The following year, Merchant-Ivory directed the period drama The Remains of the Day (1993), adapted from the acclaimed novel of the same name by Kazuo Ishiguro. American filmmaker Mike Nichols served as one of the film's producers, and the film reunited Anthony Hopkins and Emma Thompson. Supporting performances included James Fox, Christopher Reeve, Hugh Grant, and Lena Headey. The film revolved around a dedicated butler who serves an English landlord in the years leading up to the second World War. The film was a commercial and critical success with Vincent Canby of The New York Times said, in another favorable review, "Here's a film for adults. It's also about time to recognize that Mr. Ivory is one of our finest directors, something that critics tend to overlook because most of his films have been literary adaptations." The film received eight Academy Award nominations with Ivory receiving his third nomination for Best Director. He also received nominations from the British Academy Film Awards, Golden Globe Awards, and Directors Guild of America.

In 1999, the British Film Institute ranked The Remains of the Day the 64th-greatest British film of the 20th century.

=== 1995–2009: Established work ===
In 1995 he directed the film Jefferson in Paris starring Nick Nolte as Thomas Jefferson, Thandiwe Newton as Sally Hemings, and Gwyneth Paltrow as Patsy Jefferson. The following year he directed the film Surviving Picasso starring Anthony Hopkins as the painter Pablo Picasso. In 1998 he directed and co-wrote the film A Soldier's Daughter Never Cries, a film divided into three segments each named after a different protagonist. In 2000 he directed the romantic period drama The Golden Bowl which was adapted from the Henry James novel of the same name. He directed the romantic comedy Le Divorce starring Kate Hudson and Naomi Watts.

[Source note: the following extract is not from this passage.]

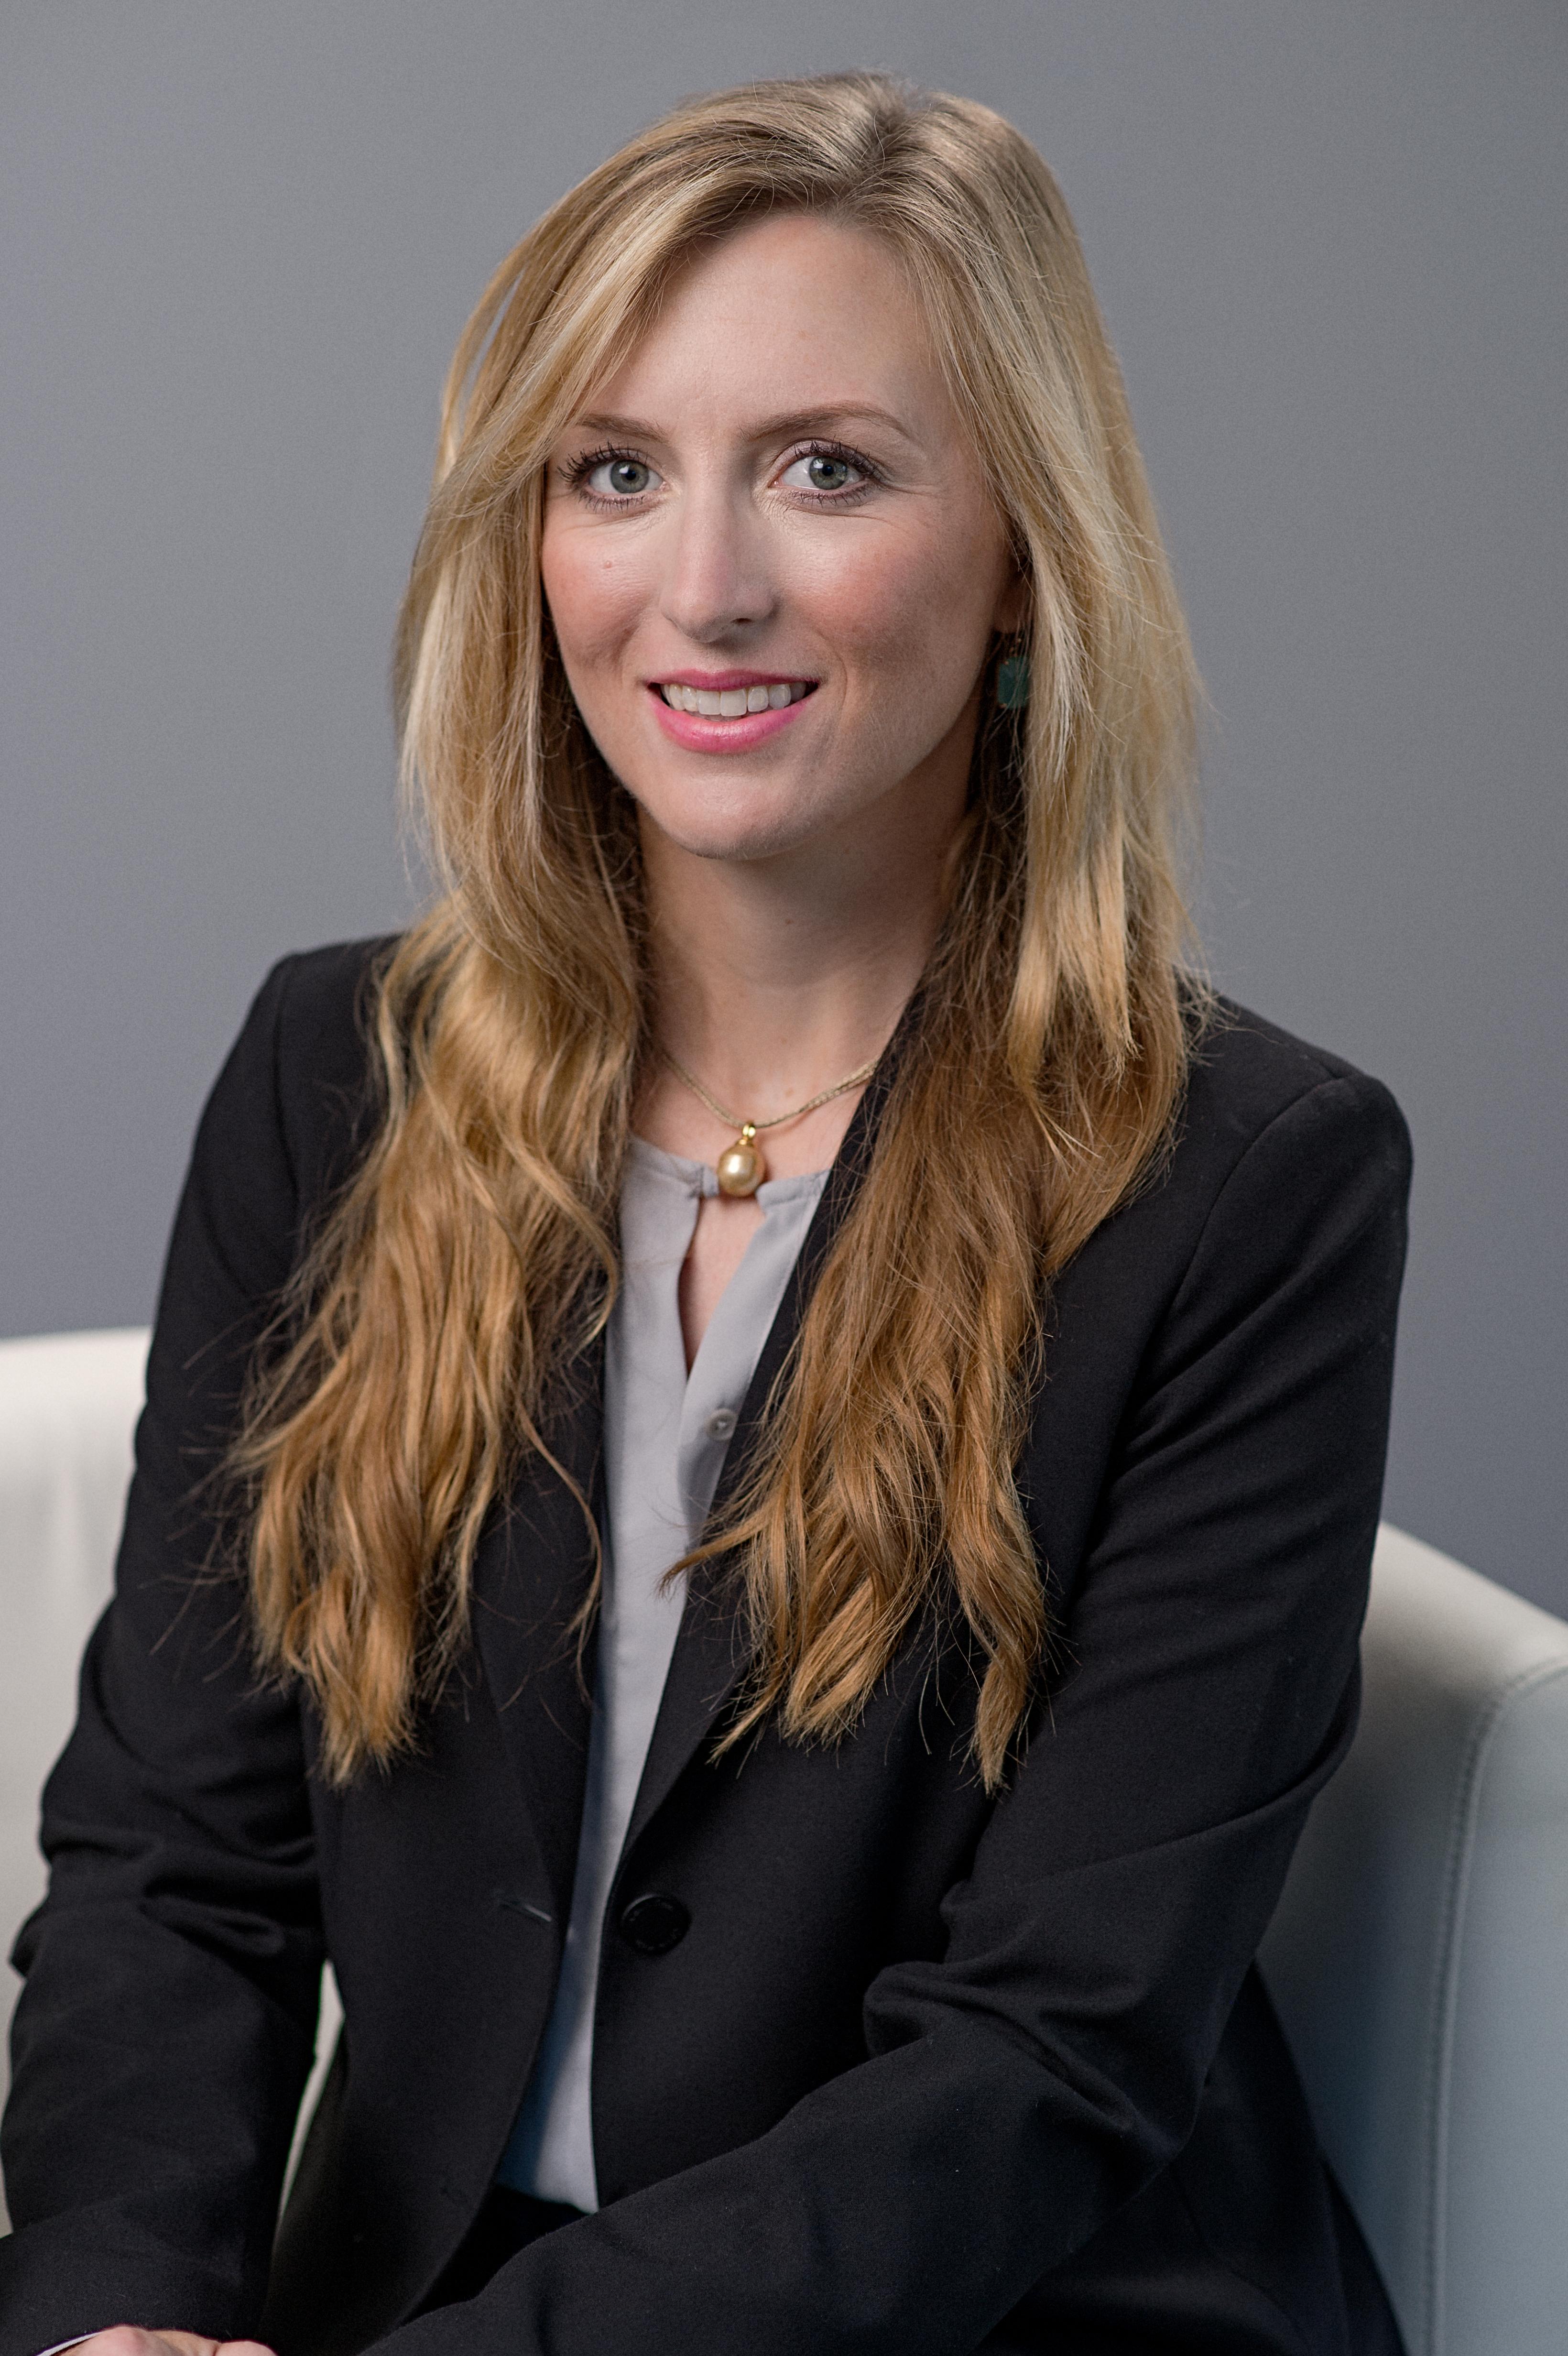 Alanna Lungren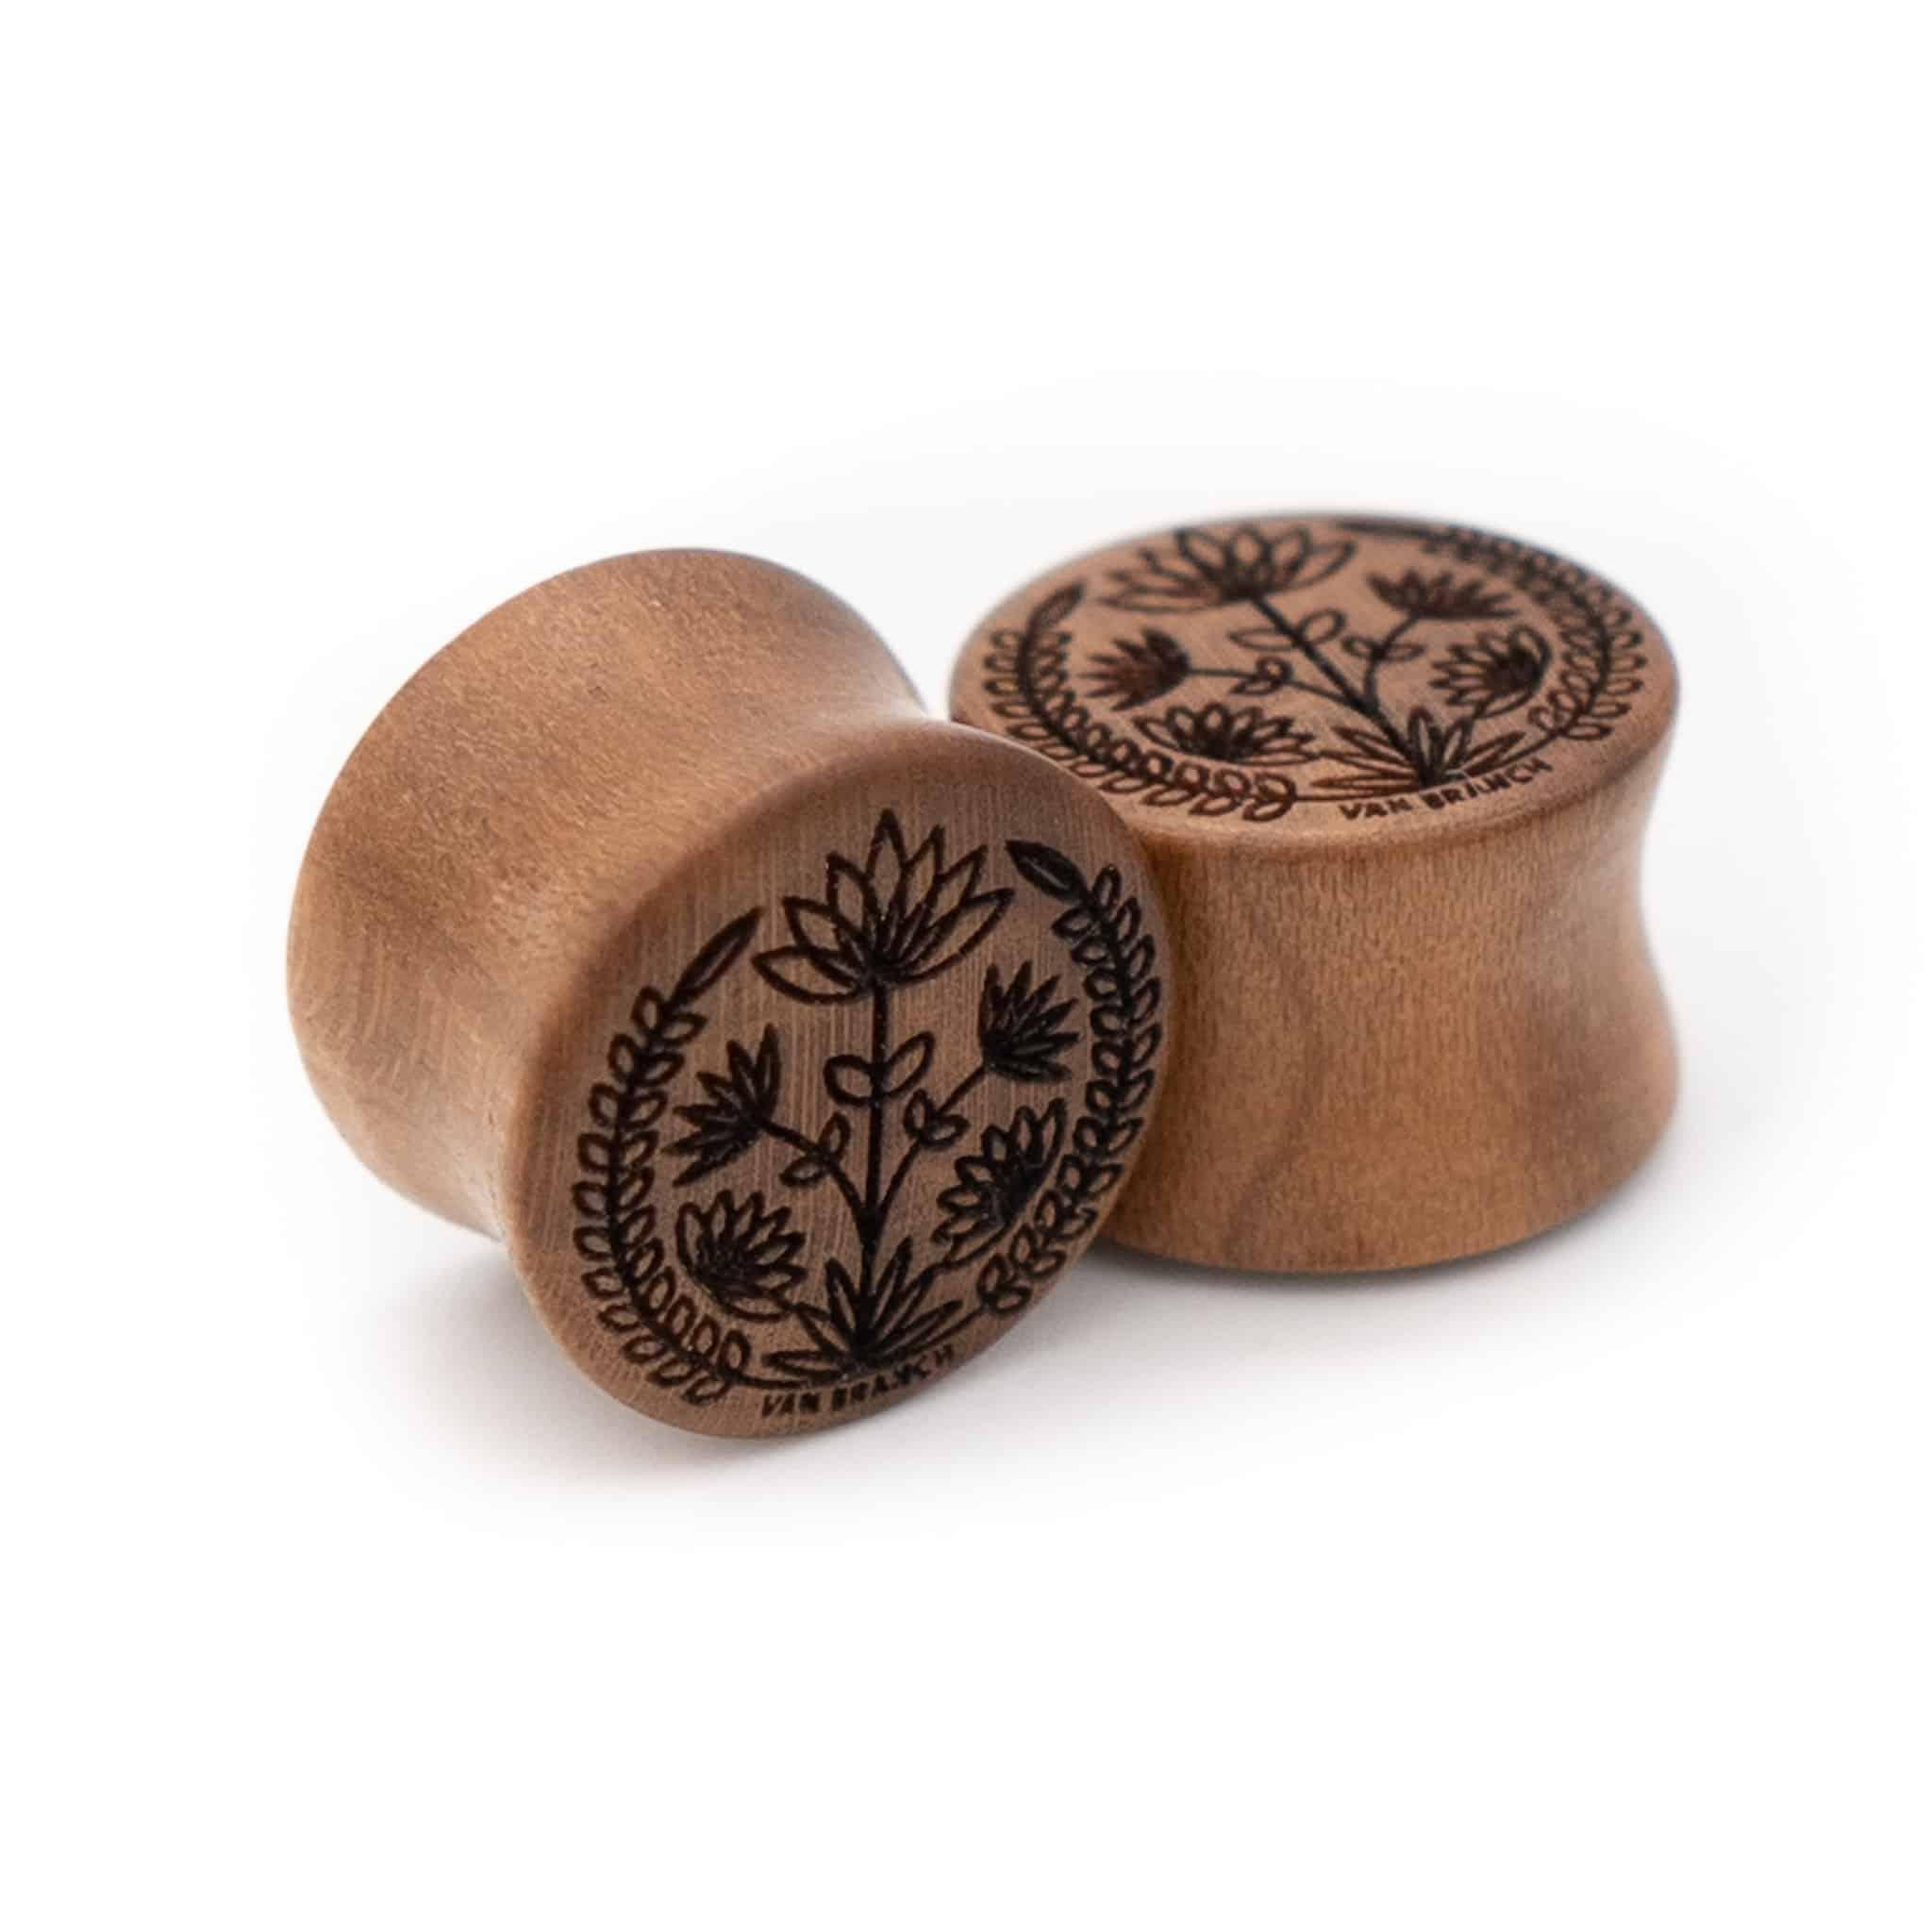 Handgefertigte 14mm Holzplugs für Ohren aus Pflaume mit Blumen Motiv

In 2005 he directed the film The White Countess written by Kazuo Ishiguro starring Ralph Fiennes, Natasha Richardson, and Vanessa Redgrave. In 2009, Ivory reunited with Anthony Hopkins for the romantic drama The City of Your Final Destination co-starring Laura Linney. The film is the first Merchant Ivory film production without the participation of producer Ismail Merchant due to his death in 2005.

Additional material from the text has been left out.